For detailed storage requirements and disk partitioning guidance, see the System Requirements Guide.
Configuration Backup
Always backup your Helm values before making changes:
# Export current values
helm get values acd-manager -o yaml > ~/values-backup-$(date +%Y%m%d).yaml
# Backup custom values files
cp ~/values.yaml ~/values-backup-$(date +%Y%m%d).yaml
Backup Schedule Recommendations
| Component | Frequency | Retention |
|---|---|---|
| PostgreSQL | Daily | 30 days |
| Longhorn Snapshots | Before changes | 7 days |
| Configuration | Before each change | Indefinite |
Updating MaxMind GeoIP Databases
The MaxMind GeoIP databases (GeoIP2-City, GeoLite2-ASN, GeoIP2-Anonymous-IP) are used for GeoIP-based routing and validation features. These databases should be updated periodically to ensure accurate IP geolocation data.
Prerequisites
- Updated MaxMind database files (
.mmdbformat) obtained from MaxMind - Access to the cluster via
kubectl - Helm CLI installed
Update Procedure
Step 1: Create New Volume with Updated Databases
Run the volume generation utility with a unique volume name that includes a revision identifier:
# Mount the installation ISO if not already mounted
mkdir -p /mnt/esb3027
mount -o loop,ro esb3027-acd-manager-X.Y.Z.iso /mnt/esb3027
# Generate new volume with updated databases
/mnt/esb3027/generate-maxmind-volume
When prompted:
- Provide the paths to the three database files:
GeoIP2-City.mmdbGeoLite2-ASN.mmdbGeoIP2-Anonymous-IP.mmdb
- Enter a unique volume name with a revision number or date, for example:
maxmind-geoip-2026-04maxmind-geoip-v2
Tip: Using a revision-based naming convention simplifies rollback if needed.

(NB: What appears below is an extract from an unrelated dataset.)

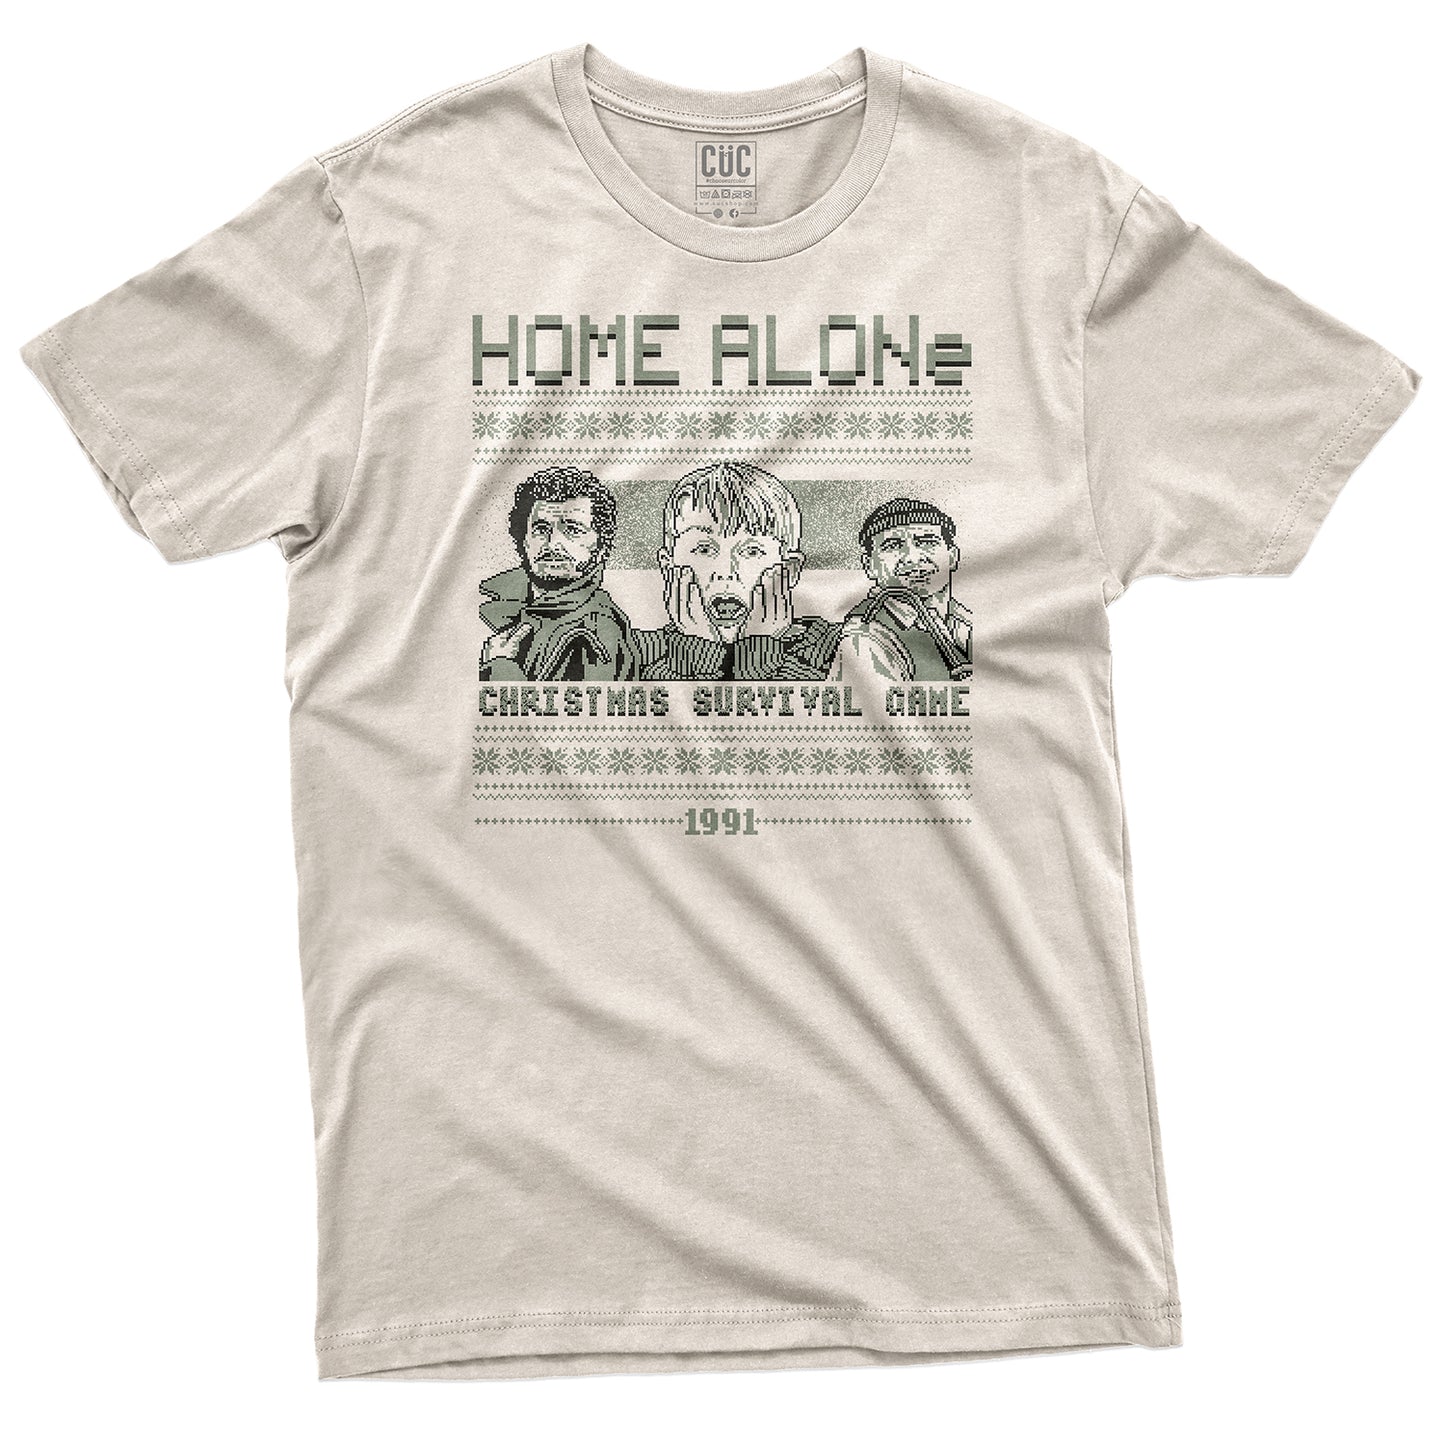 CUC T-Shirt HOME ALONE VG - Retro Games - Natale #chooseurcolor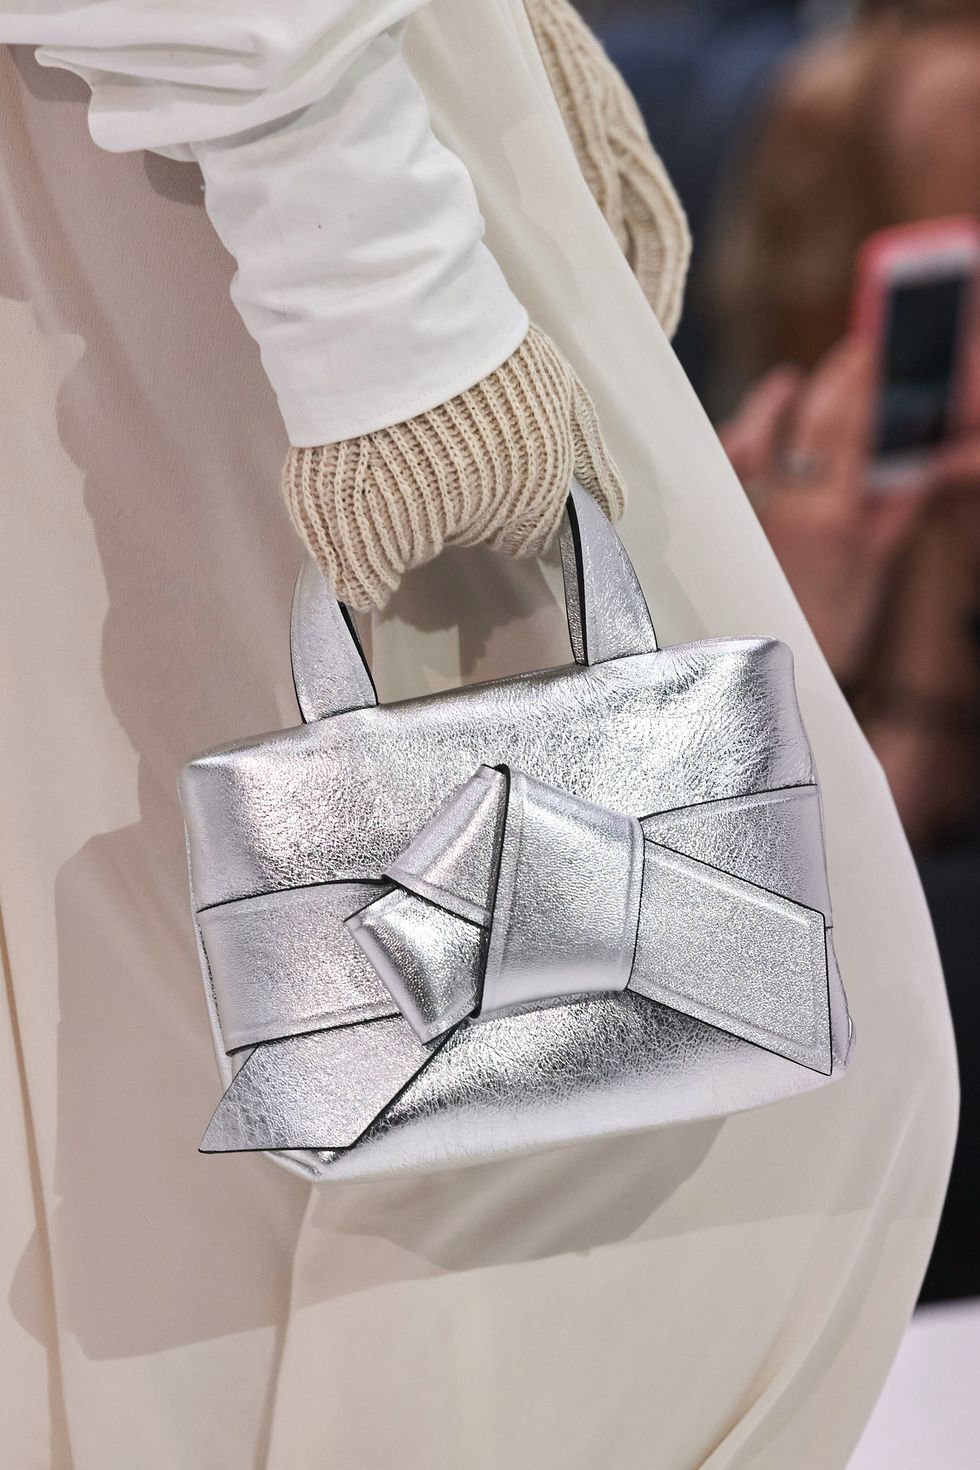 The hottest designer handbags for autumn 2021 – from Jennifer

Step 2: Update Helm Configuration
Edit your values.yaml file to reference the new volume:
manager:
maxmindDbVolume: maxmind-geoip-2026-04
Replace maxmind-geoip-2026-04 with the volume name you specified in Step 1.
Step 3: Apply Configuration Update
Upgrade the Helm release with the updated configuration:
helm upgrade acd-manager /mnt/esb3027/charts/acd-manager --values ~/values.yaml
Step 4: Rolling Restart (Optional)
To ensure all pods immediately use the new database files, perform a rolling restart of the manager deployment:
kubectl rollout restart deployment acd-manager
Monitor the rollout status:
kubectl rollout status deployment acd-manager
Step 5: Verify Update
Verify the pods are running with the new volume:
kubectl get pods
kubectl describe pod -l app.kubernetes.io/component=manager | grep -A 5 "Volumes"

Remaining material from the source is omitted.